Despite the big step that implies including a novel thrombolytic agent as part of our therapeutic options for the management of acute stroke, the wording utilized in the latest guidelines is particularly conservative. This is the result of the systematic way literature is analyzed and the use of a predefined language based on the available evidence. Nevertheless, there is much more published information about the use of tenecteplase in acute stroke beyond the two isolated studies referenced above.
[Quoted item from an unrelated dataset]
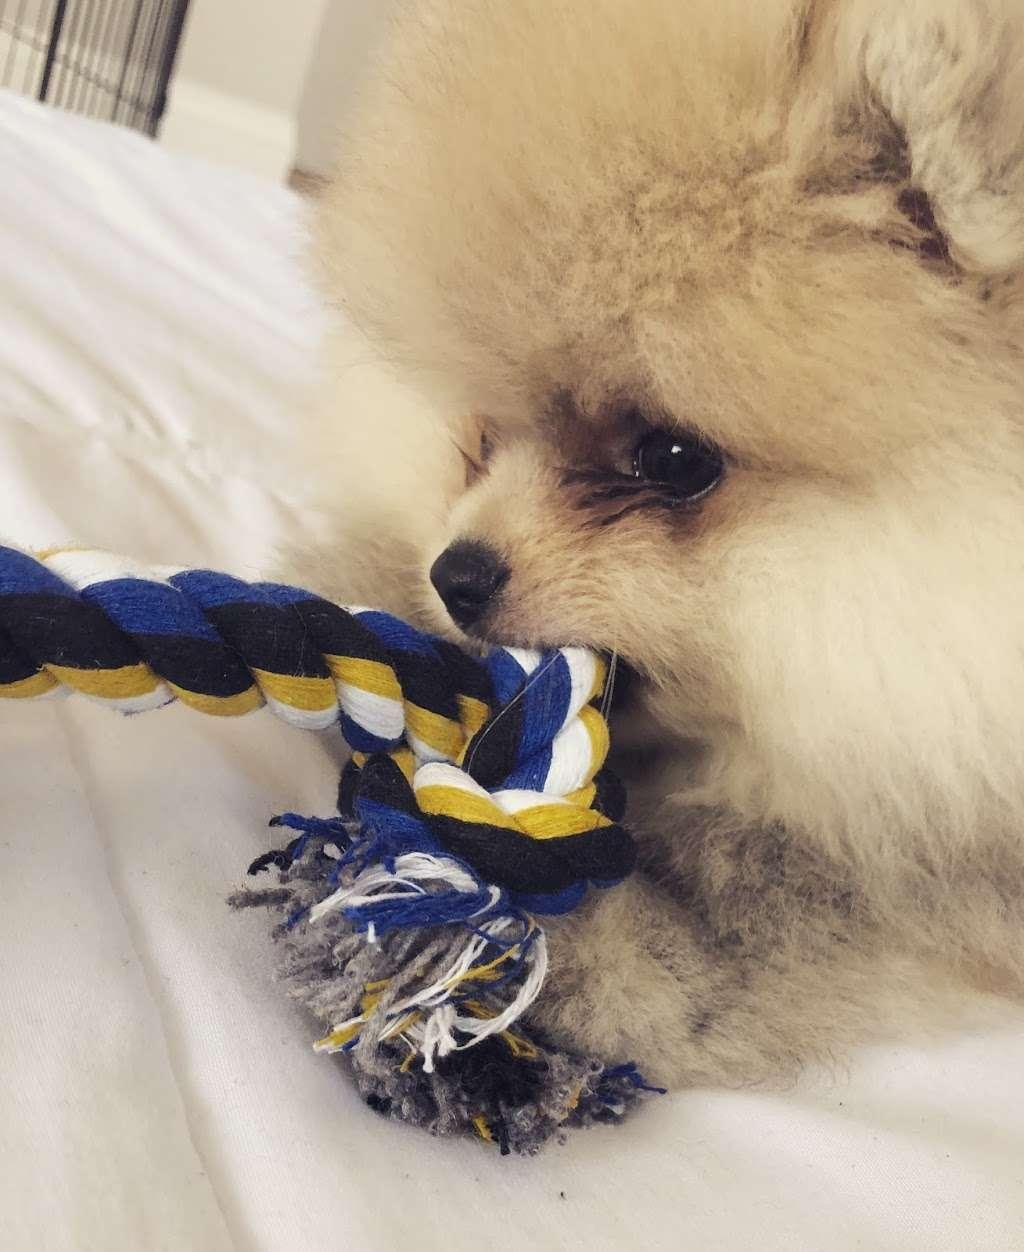 Pomeranian Puppies, Boutique - pet store  | Photo 8 of 10 | Address: Houston, TX, USA | Phone: (650) 303-1599

At least a handful of trials [1-5] and a meta-analysis  have consistently shown similar efficacy of tenecteplase when compared to alteplase in acute ischemic stroke, and an inclination to better outcomes in the subset of patients presenting with large vessel occlusion or those with perfusion/core mismatch on advanced imaging techniques. Complementary to this, evidence from the cardiology literature provides supplementary evidence on the safety and efficacy of tenecteplase. On the other hand, the current recommendations leave some room for hesitation. For example, in a patient with minor deficits and large vessel occlusion, which is the appropriate dose, 0.25 mg/kg or 0.4 mg/kg? Or should we wait for vessel imaging diagnosis of large vessel occlusion to favor tenecteplase over alteplase?
Future trials should evaluate the efficacy and safety of tenecteplase in patients who are ineligible for alteplase, such as those beyond 4.5 hours of symptoms onset or those with disruption of hemostasis either due to an underlying coagulopathy or use of anticoagulants.
 Huang X, Cheripelli BK, Lloyd SM, Kalladka D, Moreton FC, Siddiqui A, et al. Alteplase versus tenecteplase for thrombolysis after ischaemic stroke (ATTEST): a phase 2, randomised, open-label, blinded endpoint study. Lancet Neurol. 2015;14:368-76.
 Parsons M, Spratt N, Bivard A, Campbell B, Chung K, Miteff F, et al. A randomized trial of tenecteplase versus alteplase for acute ischemic stroke. N Engl J Med. 2012;366:1099-107.
 Haley EC Jr, Lyden PD, Johnston KC, Hemmen TM; TNK in Stroke Investigators. A pilot dose-escalation safety study of tenecteplase in acute ischemic stroke. Stroke. 2005;36:607-12.
 Parsons MW, Miteff F, Bateman GA, Spratt N, Loiselle A, Attia J, et al. Acute ischemic stroke: imaging-guided tenecteplase treatment in an extended time window. Neurology. 2009;72:915-21.
 Haley EC Jr, Thompson JL, Grotta JC, Lyden PD, Hemmen TG, Brown DL, et al. Phase IIB/III trial of tenecteplase in acute ischemic stroke: results of a prematurely terminated randomized clinical trial. Stroke. 2010;41:707-11.
 Zang Y, Hou J, Wang LY. Therapeutic effect of tenecteplase on treatment of cerebral arterial thrombosis: a meta-analysis. Eur Rev Med Pharmacol Sci. 2016;20:4369-4379.